What Is "the Name"?

Were the Jehovah’s Witnesses right? Among their central boasts is that they have revived the covenantal name of God, the Hebrew YHWH, sometimes pronounced Yahweh and sometimes Jehovah, that Jesus came to restore. Ancient Hebrew has no vowels so the precise pronunciation may never be known. Given the growing practice among Evangelicals of referring in sermons and lectures to Yahweh, one would think that the Jehovah’s Witnesses were right. What they have advocated since the 1870’s has finally caught on, though with the former rather than the latter pronunciation. I would like to raise some doubts, or at least questions, about the now commonplace practice of invoking the tetragrammaton in popular, that is, non-academic settings.

Jesus’ Own Practice
First, if Jesus intended to revive the common use of YHWH, where is the evidence?
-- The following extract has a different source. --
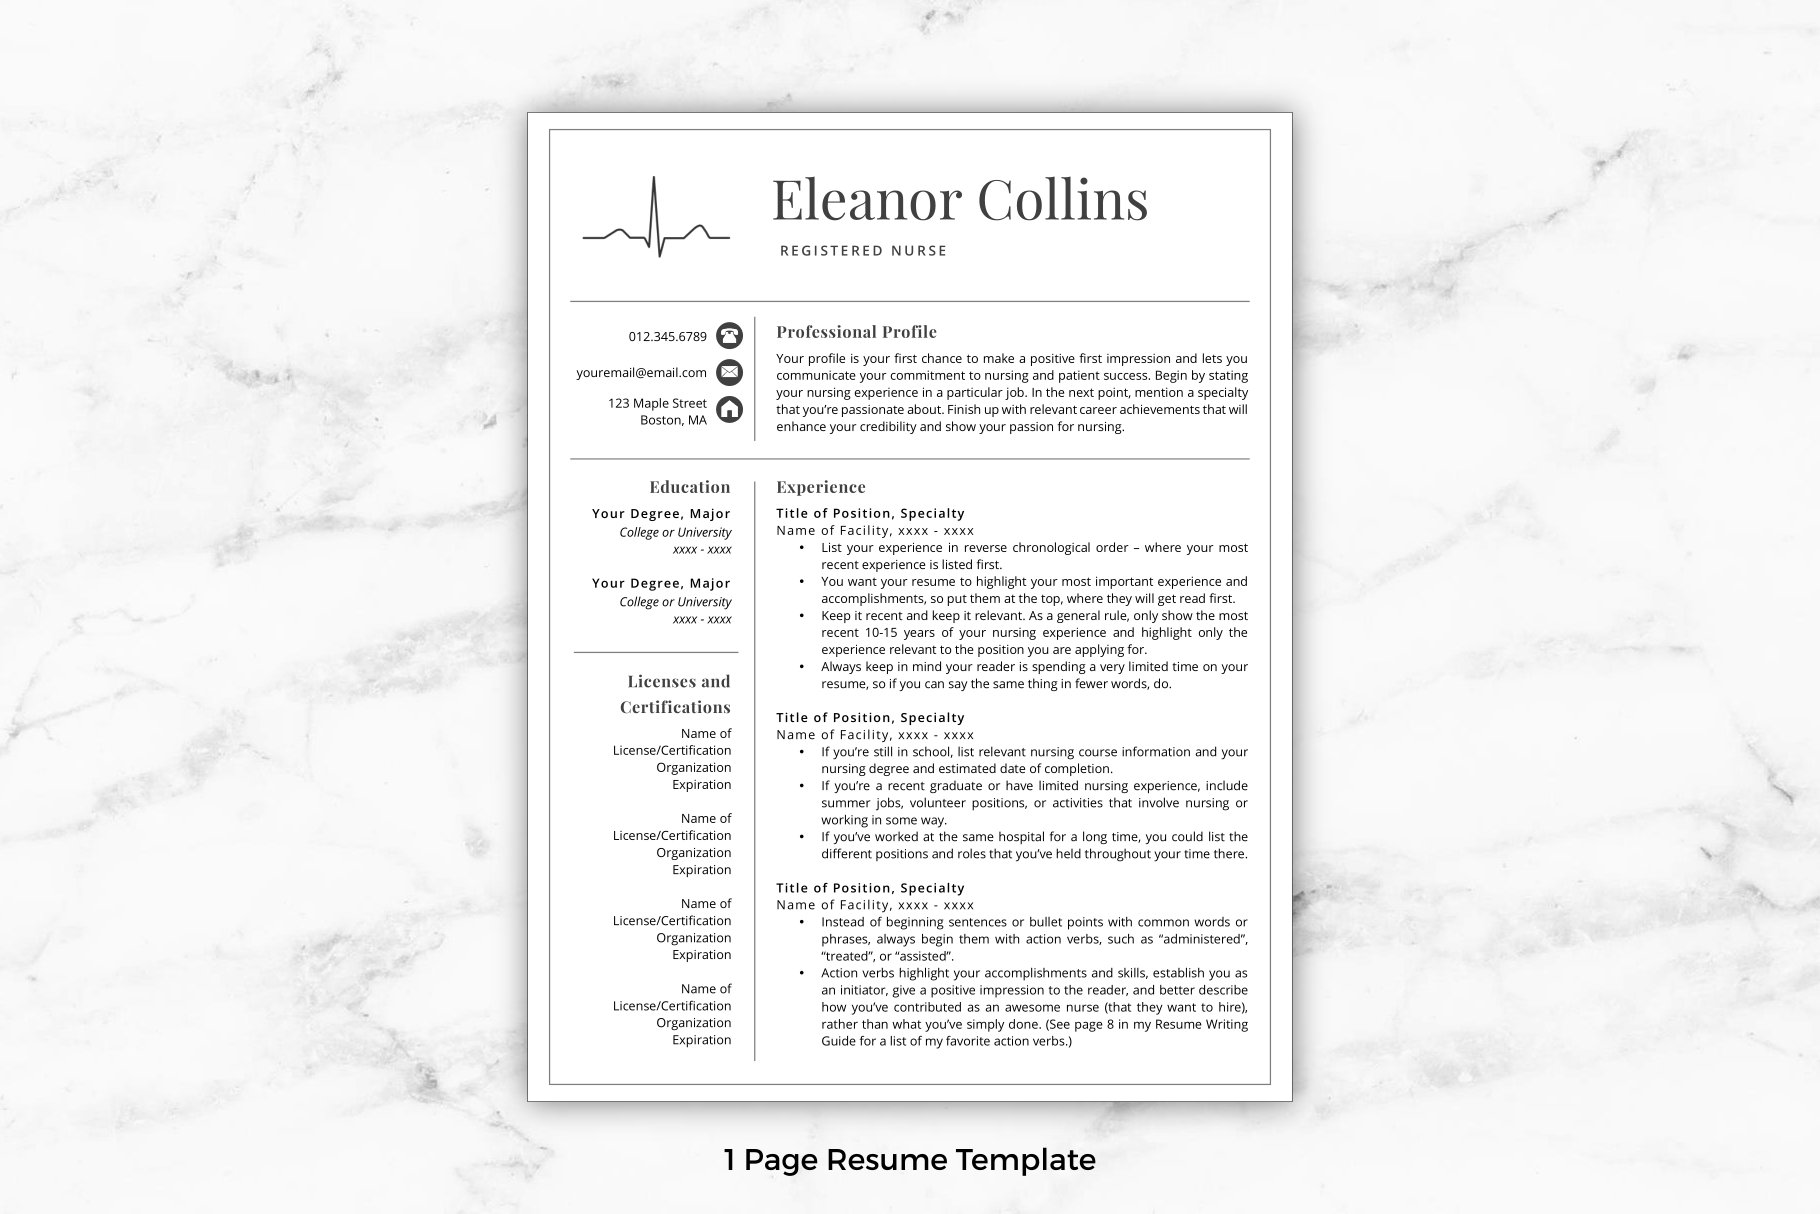 Resume template for a medical professional.

The logic of revived use seems to be based on the strength of the revelation of the divine name to Moses in Exodus 3:14. Yet nowhere in the biblical record does Jesus challenge the then accepted practice (utilized throughout the Septuagint) of substituting Lord (Kurios) for YHWH (eg. Mt 4:10; 22:36-27, 43-45). There was much about first-century Judaism that Jesus did challenge (eg. Mt 15:1-20; 23:1-36). He was not above slaying sacred cows. Is it not significant that he left this one untouched?
Rather, Jesus taught us to call upon God by a new name, that of Father. “Our Father,” He taught us to pray (Mt 6:8-13; 7:7-11). Or more precisely, He taught that the name of God is of Father, Son, and Holy Spirit (Mt 28:19). The one “name” (singular) by which the one God is to be known is the three-fold name by which the three persons of the Godhead are to be known, that of Father, Son, and Holy Spirit. The name for the disciples of Christ is the three-fold name. Not only did Jesus not revive the use of YHWH but He instructed us to think about God and express our thoughts about God in terms of Father, Son, and Holy Spirit. Should we not consider this the normative usage of the divine name in the Christian church?

Consistency
Second, there is the matter of practical consistence. Ordinarily, we don’t use God’s other Old Testament names. We don’t refer to Him as adonai (Lord). We don’t pray, “O Elohim…” (God). Amy Grant attempted to make the former of these (plus El-Elyon) and especially El Shaddai familiar with a poorly suited 1980’s tune but failed (see Trinity Hymnal’s inexplicable inclusion of hymn #42). In addition, we instinctively anglicize the names of Christ in the New Testament so that they don’t sound foreign and remote to us. We refer to Jesus not Iēsous and to Christ not Christos. He is Lord not kurios. We not only feel no obligation to pronounce the names of Christ as they are found in the New Testament, but we also don’t attempt to retrieve their Aramaic originals. The same is true of the names of the Holy Spirit (hagios pneuma), the Comforter (paraklētos) or of the Father (patēr), or God (theos). If we find it necessary to revive the Hebrew YHWH with the correct Hebrew pronunciation, would not consistency require that we utilize the other original divine names, and express them according to their original Hebrew and Greek pronunciation?